Let me know how you like the site!
Roz@weightingfor50
Yet another FANTASTIC post Lisa. Thanks as always for all the great info.
Lisa Eirene
THank you Roz!
Katie
Squee! It’s a little thrill to see my name up there. I’m still working on getting that potassium level up to snuff. It’s hard. I’m also struggling with vitamin E. I gave up on vitamin D and got a supplement (probably a good idea in Portland anyway, right?)
I know you didn’t ask, but if you’re interested in adding kale to your diet, I have a simple way to prepare it. Roasted kale chips are delicious and fun to eat. I have them as a snack or a side with burgers or pizza or soup. Here’s a post on how to make them: Kale Chips
Lisa Eirene
You’re famous! 😉 I appreciated your feedback a lot (and it reminded me to get on the stick with my followup!). I used to take a Vitamin D supplement on top of a multi-vitamin because I’d be so tired in the winter. I actually found that taking Vitamin B instead helped with my energy levels 100% more than Vitamin D ever did.
I’m new to Kale. I’ve had it once and it had bacon in it. I will definitely be trying some new recipes for it soon. Thanks for the link!
Lori
I use Livestrong to track my food. I could get the Gold membership to get all the nutrient info along with the basics, but I think I probably do pretty well. I do take vitamin D and Flax seed oil. The D because of the lack of sun in winter and my use of sunscreen and the Flax because I just don’t eat fish and need the Omega 3.
Lisa Eirene
Is the flax seed just for Omega3’s or other things?
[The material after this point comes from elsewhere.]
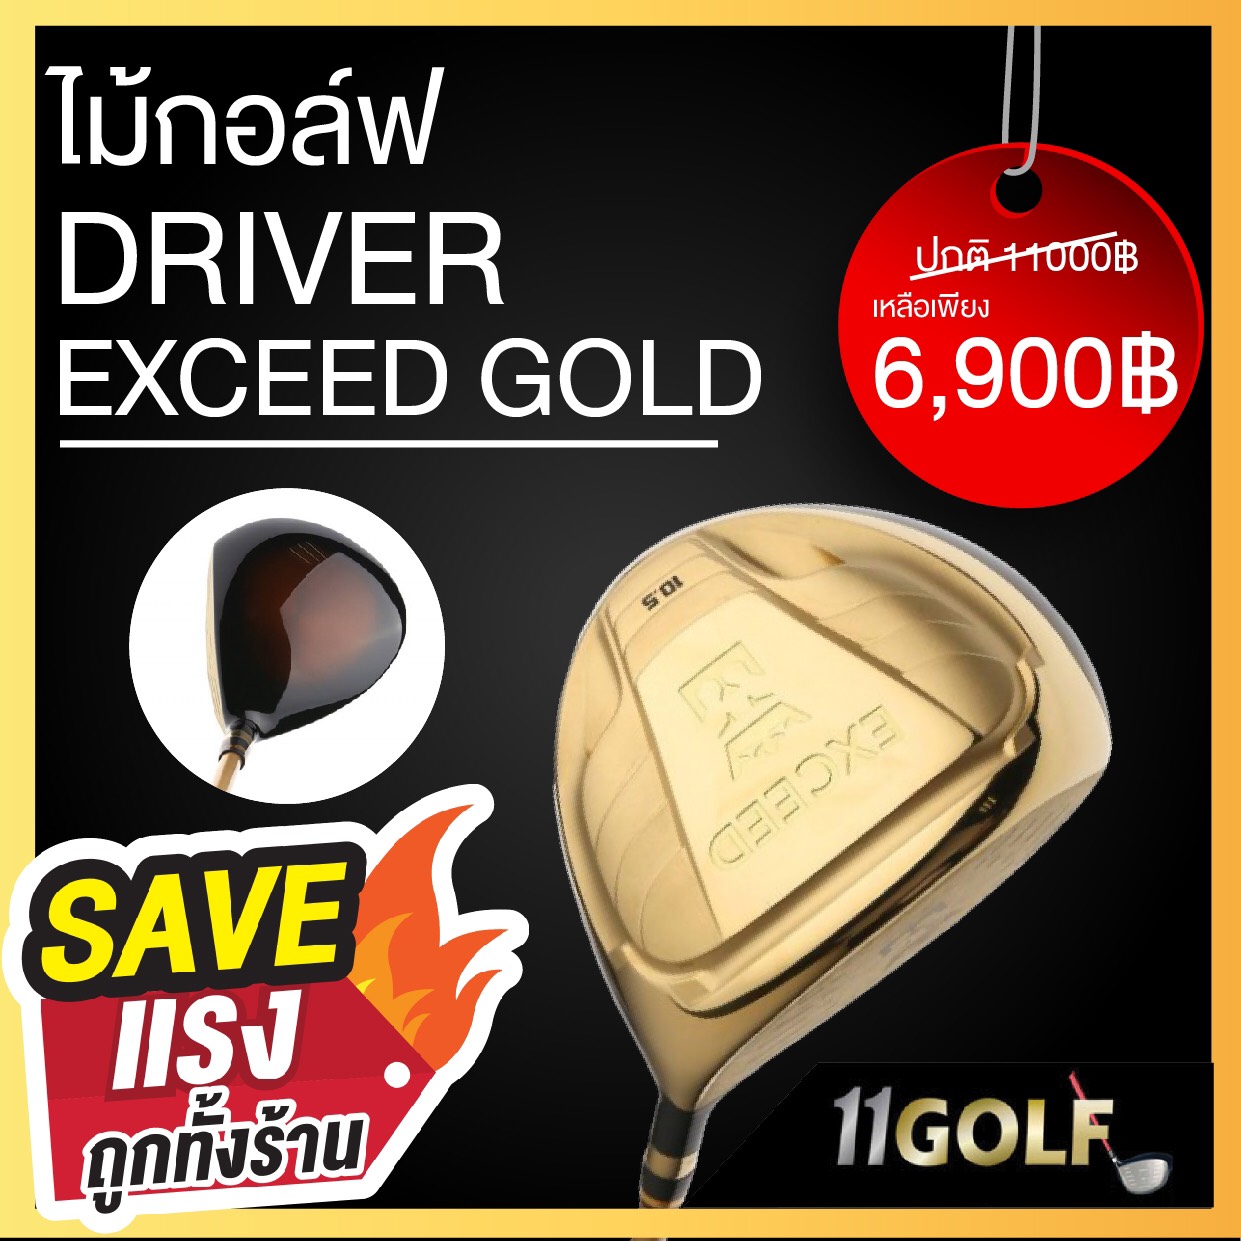 EXCEEDGOLF รหัส 6210004-07 ไม้กอล์ฟ DRIVER NEW EXCEED GOLD หน้าเด้งสุดขีด ตีไกลสุดขั้ว ชนรั้ว ชนธง จัดส่งฟรีทั่วประเทส

I eat a TON of seafood. Salmon once a week, scallops or shrimp once or twice a week. I’m sure I get lots of Omegas. I need to start adding tuna fish to my salads for lunches.
Lauren @ Sassy Molassy
Very interesting. I’m sure I’m lacking in something, but not sure what. I eat a ton of veggies and fruits and whole grains each day so I think I’m close, but could be lacking in some areas. Vit C during winter months at times?
Lisa Eirene
I eat a lot of fruit that has vitamin C but I take a supplement just in case to keep the colds and sickness away.
Miz
REALLY interesting!!!
Candace
I’ll join in thanking you for that link! I’ve been using it as well, I also track with Weight Watchers but I like seeing the nutritional info on Cronometer. Overall, I eat pretty darn healthy – it was nice to see most of the levels filled out.
It did let me know that each day I was lacking in Vitamin D and Iron, so now I take the supplements to get to 100% or over.
Interesting you mention Vitamin K, how many of us never consider that one? I didn’t know what it was for – but I was reaching like 200% or more each day, now I know – my daily spinach salad – it’s small but apparently it does the trick.
Thanks again for sharing the site!
Lisa Eirene
That’s great, Candace!
We get the big tub of baby spinach from Costco about once a week or so. I usually mix it in with regular lettuce for my salads because I’m not a huge fan of spinach. But it is so healthy I should!